Aeration was important for enzyme production by this fungus. Increasing oxygen by aeration or agitation resulted in significant increase of metabolic products [26,28]. However, Perenniporia tephropora produced MnP and laccase in cultures first grown in static condition for 3 days to obtain mycelium, followed by shaking for 7 days. Efficiency of cells under this condition was higher than static or continuous shaking [9]. Aspergillus niger preferred shaking condition to producing pectinase [28], while Ganoderma lucidum produced laccase more rapidly under shaking than static condition [43]. T. polyzona KU-RNW027 showed highest efficiency in producing MnP and laccase under continuous shaking from the first day, unlike P. tephropora. Optimal oxygen concentration for ligninolytic enzyme production was different for each strain.
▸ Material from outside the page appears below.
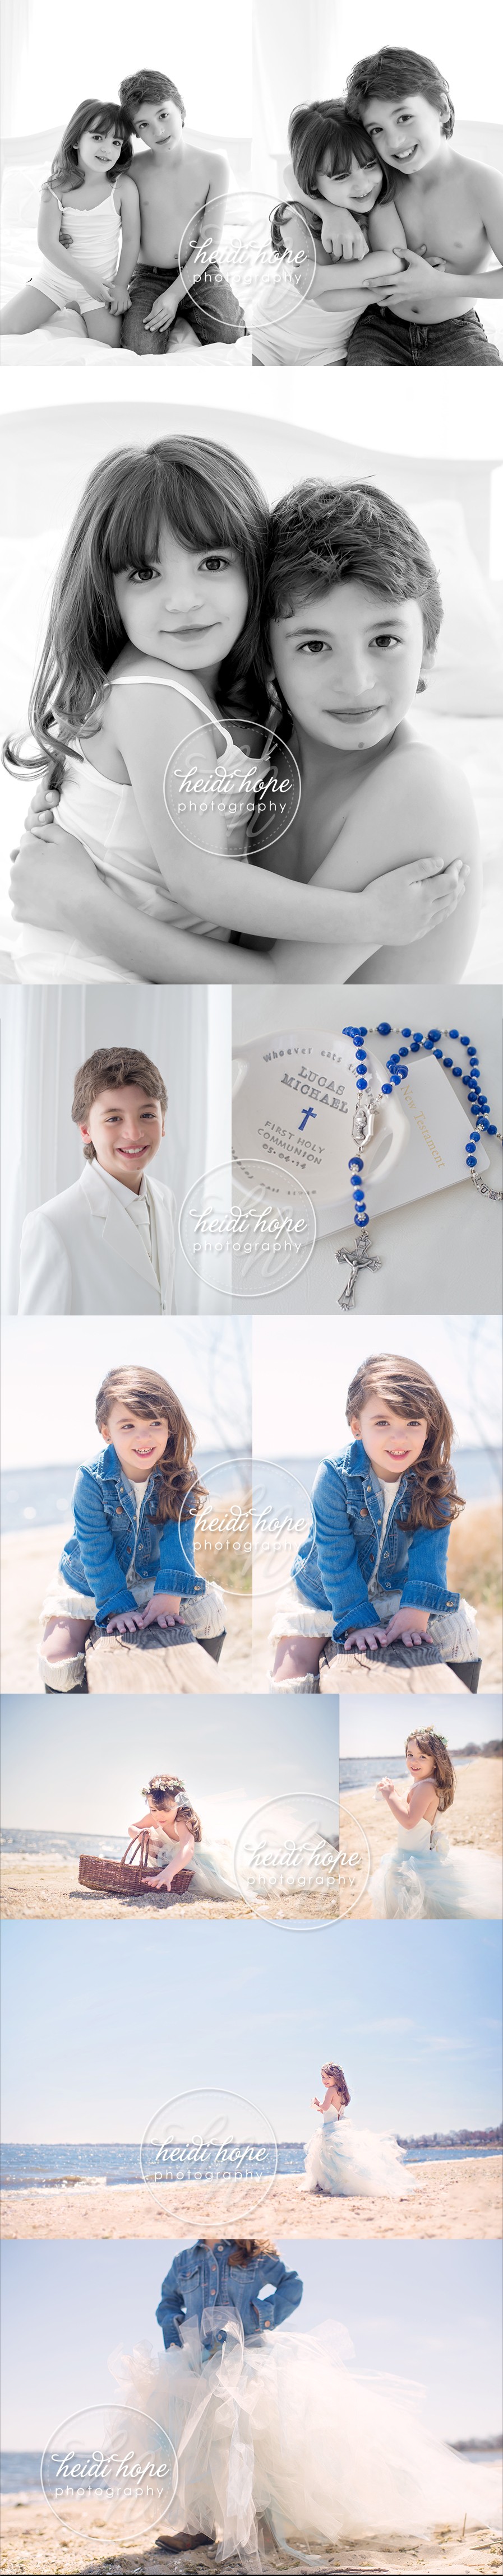 brother and sister sibling portrait session in the studio and at the beach

Morphological characteristics of fungus grown in submerged culture related to cell capability for ligninolytic enzyme production. Fungal morphology appeared as two main types, viz mycelium clumps and pellets [23]. Using two different methods of inoculum preparation, mycelium clumps and pellets of T. polyzona KU-RNW027 were obtained. High inoculum amounts of fungal mycelium tips led T. polyzona KU-RNW027 to form mycelium clumps, whereas hyphal formation at low inoculum levels appeared as pellets [44]. Cultures that grew in the form of mycelium clumps were less efficient in producing MnP and laccase than those growing as pellets, concurring with the efficiency of laccase production by Flammulina velutipes [10]. MnP and laccase activities detected after 7 days cultivation of T. polyzona KU-RNW027 grown in pellet form were 4.8 and 2 times higher than from mycelial clumps, respectively.
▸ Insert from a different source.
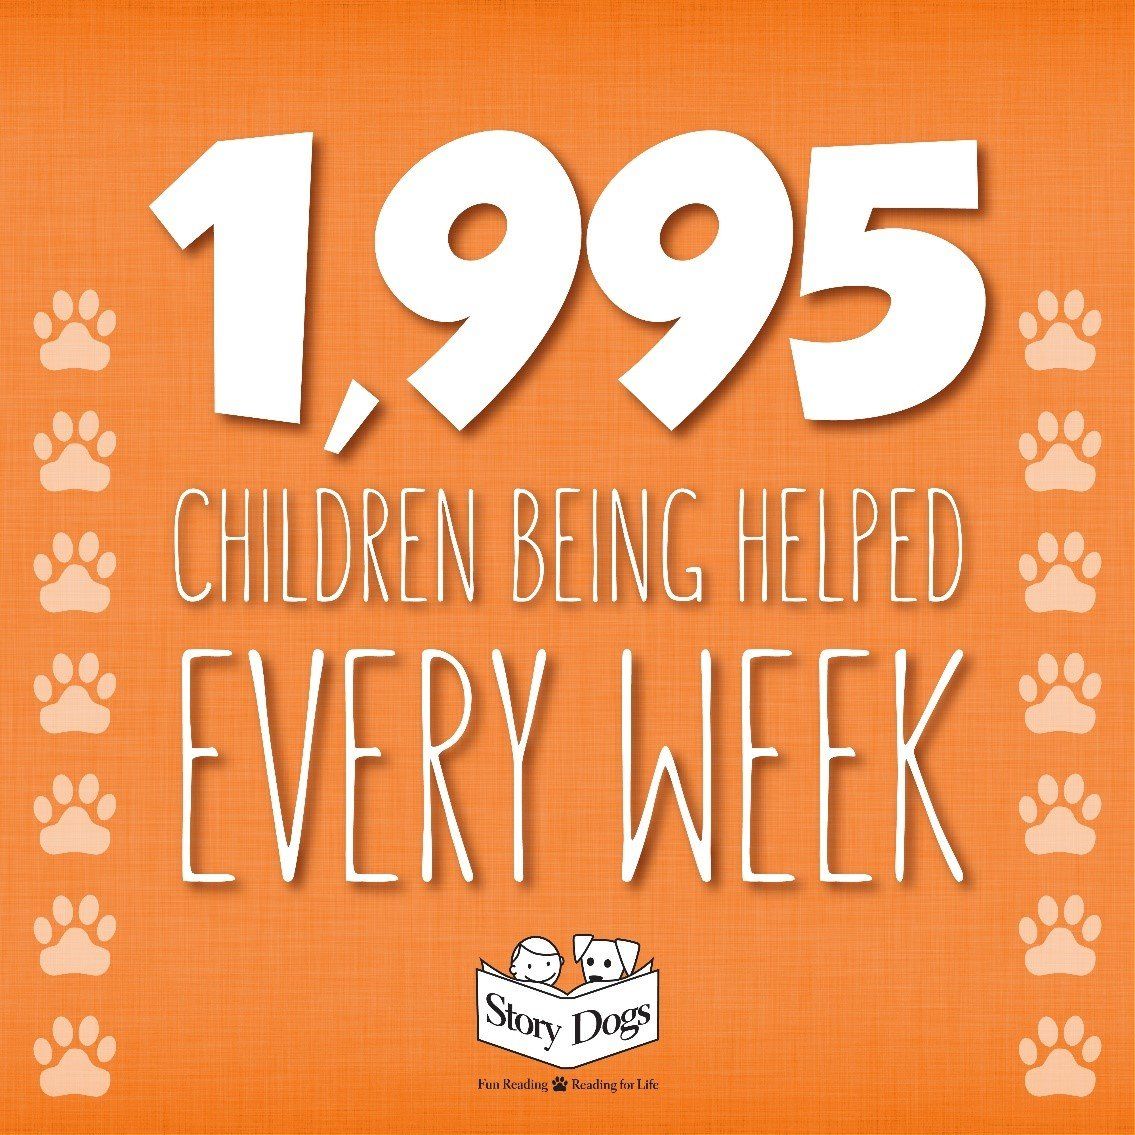 Story Dogs are helping 1,995 children learn to read every week

Further experiments using different amounts of pellets as inoculum for enzyme production are required to provide more information regarding morphology formation and correlation between morphology and cell efficiency on enzyme production. Higher amounts of pellets used as inoculum produced smaller pellet diameter at the end of 7-day incubation. With large inoculum of 0.25 and 0.5 g/L, the fungus grew to pellet size of 1.0 mm. Stereomicroscope and SEM imagery confirmed that cross sections of dense pellets showed low porosity. Inadequate transfer of oxygen and nutrients were suggested to occur in dense pellets [45]. Limitations of oxygen and substrate transfer resulted in autolysis of fungal cells inside the core of the pellet [46]. Therefore, dense hyphal pellets of 0.25 and 0.5 g/L resulted in more cell debris with reduced enzyme production. At the small inoculum value of 0.025 g/L, fungal pellets grew to 3.5 mm diameter after 7 days with loose hyphae. Large pellets resulted in a low-oxygen area in the core with limited oxygen penetration depth [45]. Consequently, large pellets of 0.025 g/L also showed poor efficiency in enzyme production. At inoculum size of 0.05 g/L, cultures produced highest MnP and laccase production. Pellets observed on day 7 had 2.5 mm diameter and formed more terminal chlamydospore-like structures. The formation of chlamydospore-like structures suggested their involvement as reservoirs to deliver enzymes into the medium [47].

Morphology of the fungal pellets significantly influenced oxygen and substrate transfer [29,44,48]. Our results confirmed that in T. polyzona KU-RNW027, oxygen supply was a critical factor for fungal growth and ligninolytic enzyme production. This fungus required continuous shaking condition and the pellet form gave higher enzyme productivity than mycelial clumps. Our results also suggested that pellet size and morphology of the growth during incubation were critical factors. Inoculum amount impacted on the morphology of pellet growth to obtain optimal pellet size, porosity and chlamydospore-like structure. All these factors related to oxygen balance, substrate transfer and enzyme reservoirs regarding fungal efficiency for MnP and laccase production.